• Requirement: Output all the data exactly. Pictures do not belong in the copy.

• Data section:
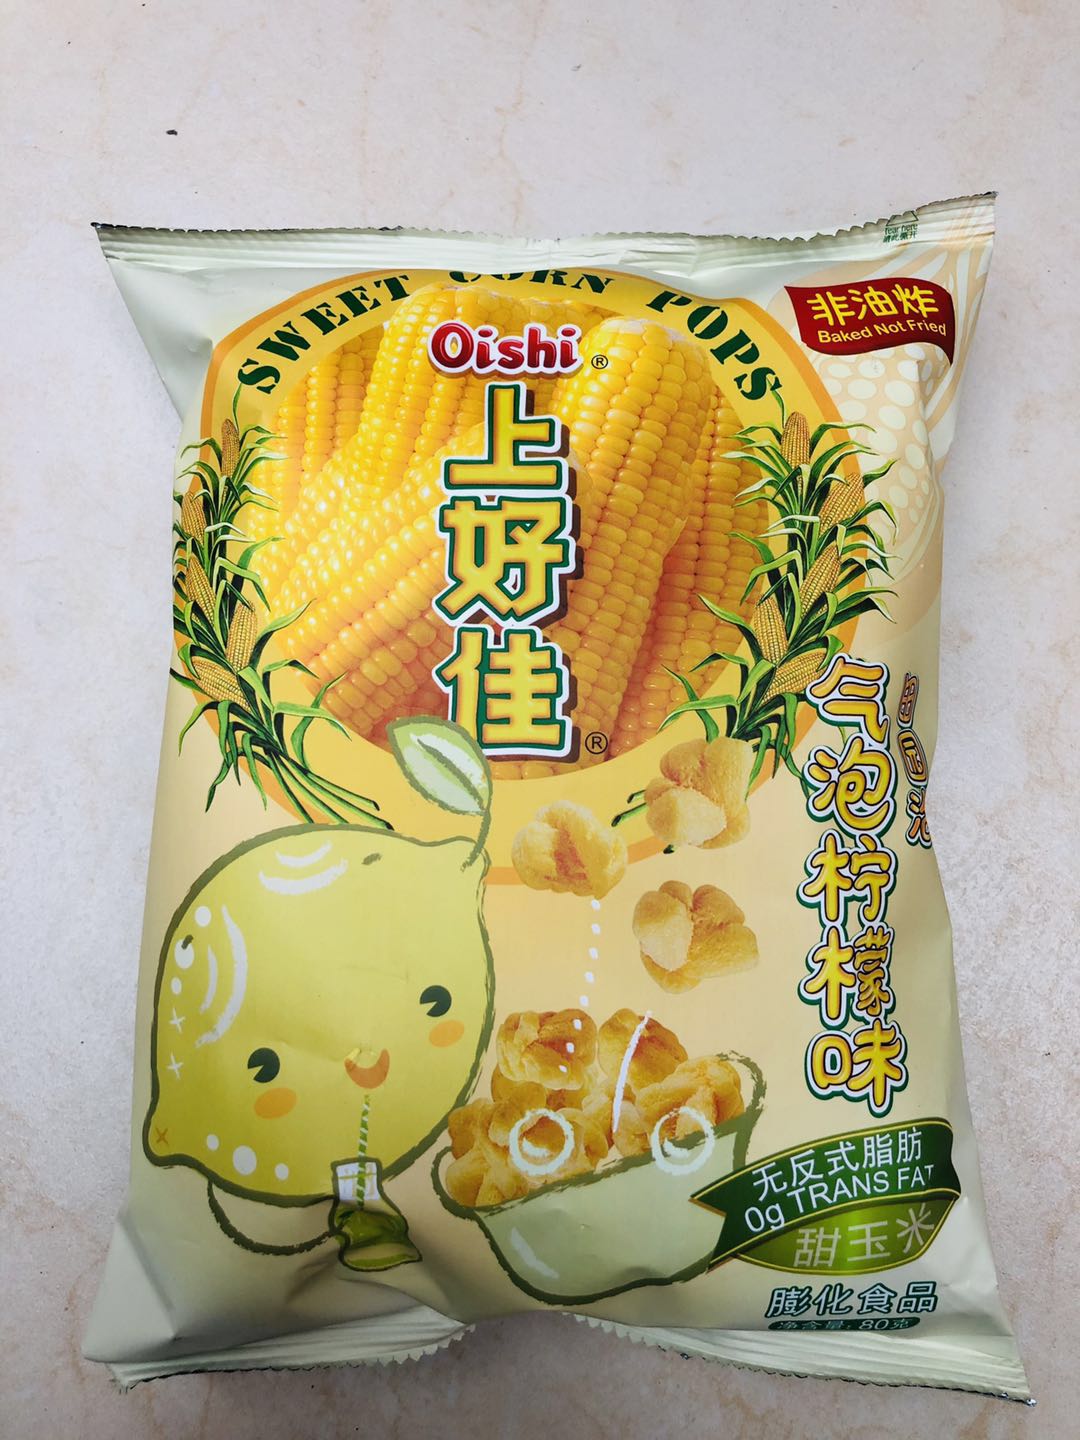 oishi/上好佳玉米田园泡柠檬味80克
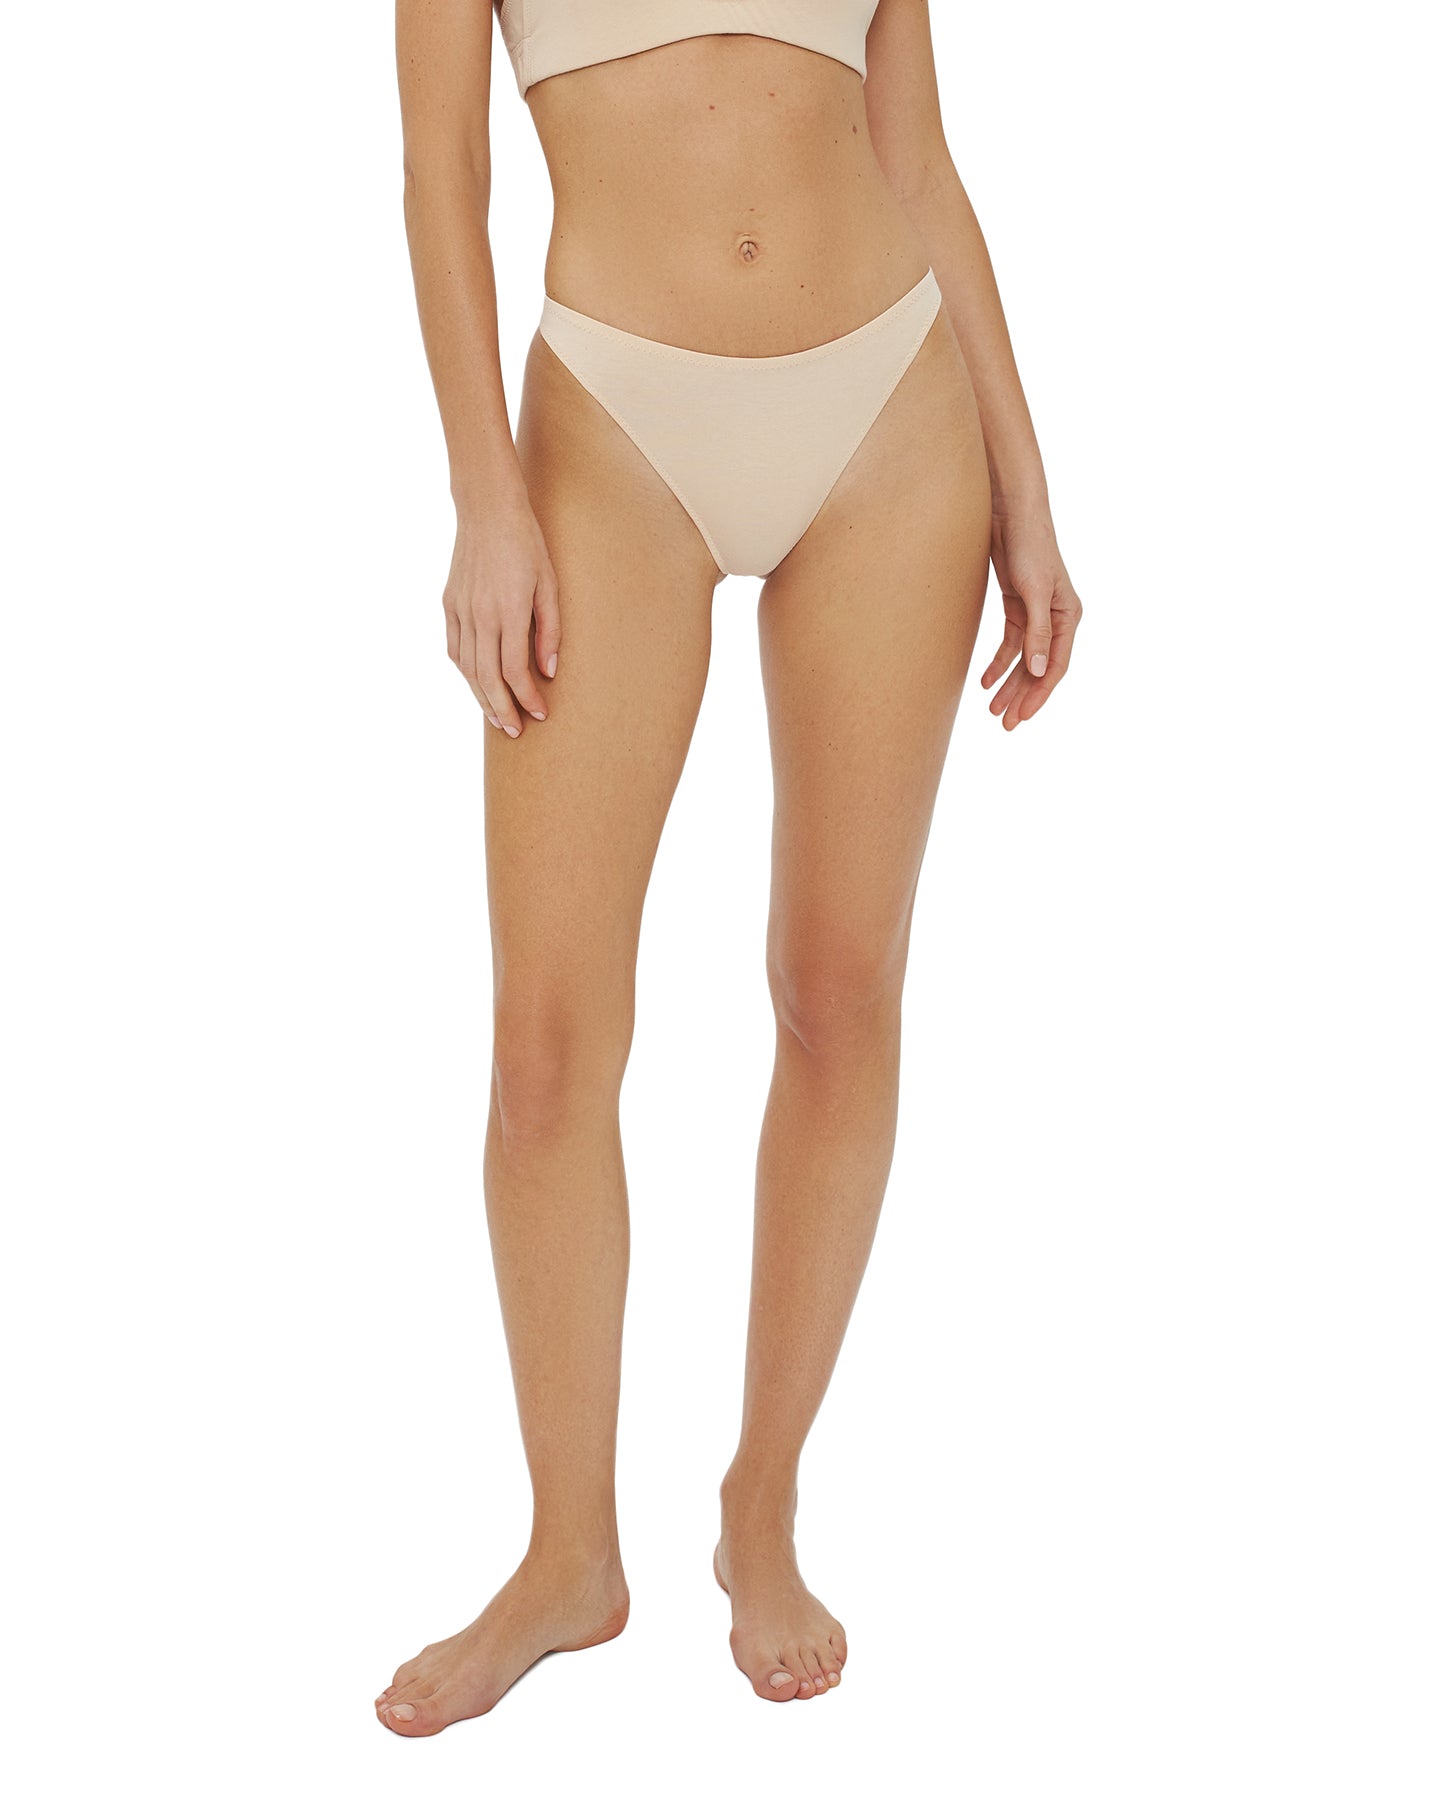 Cajsa Nude Beige Organic Cotton High-Waisted Thong, Women's underwear
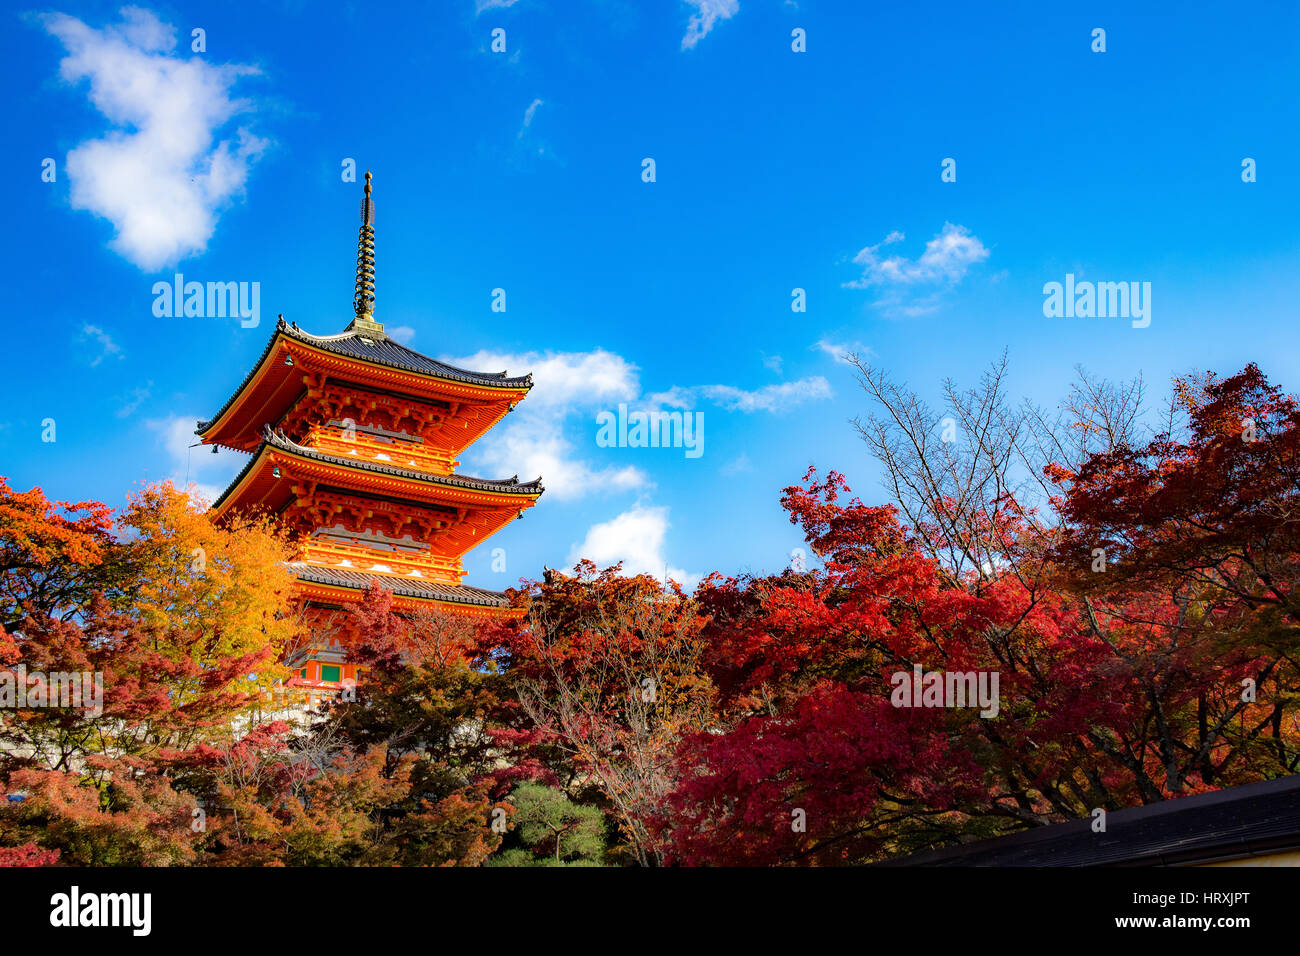 Attraction in Japan. The Kiyomizu temple, Kyoto, Japan. Stock Photo

• Result of this exercise:
 oishi/上好佳玉米田园泡柠檬味80克
 Cajsa Nude Beige Organic Cotton High-Waisted Thong, Women's underwear
 Attraction in Japan. The Kiyomizu temple, Kyoto, Japan. Stock Photo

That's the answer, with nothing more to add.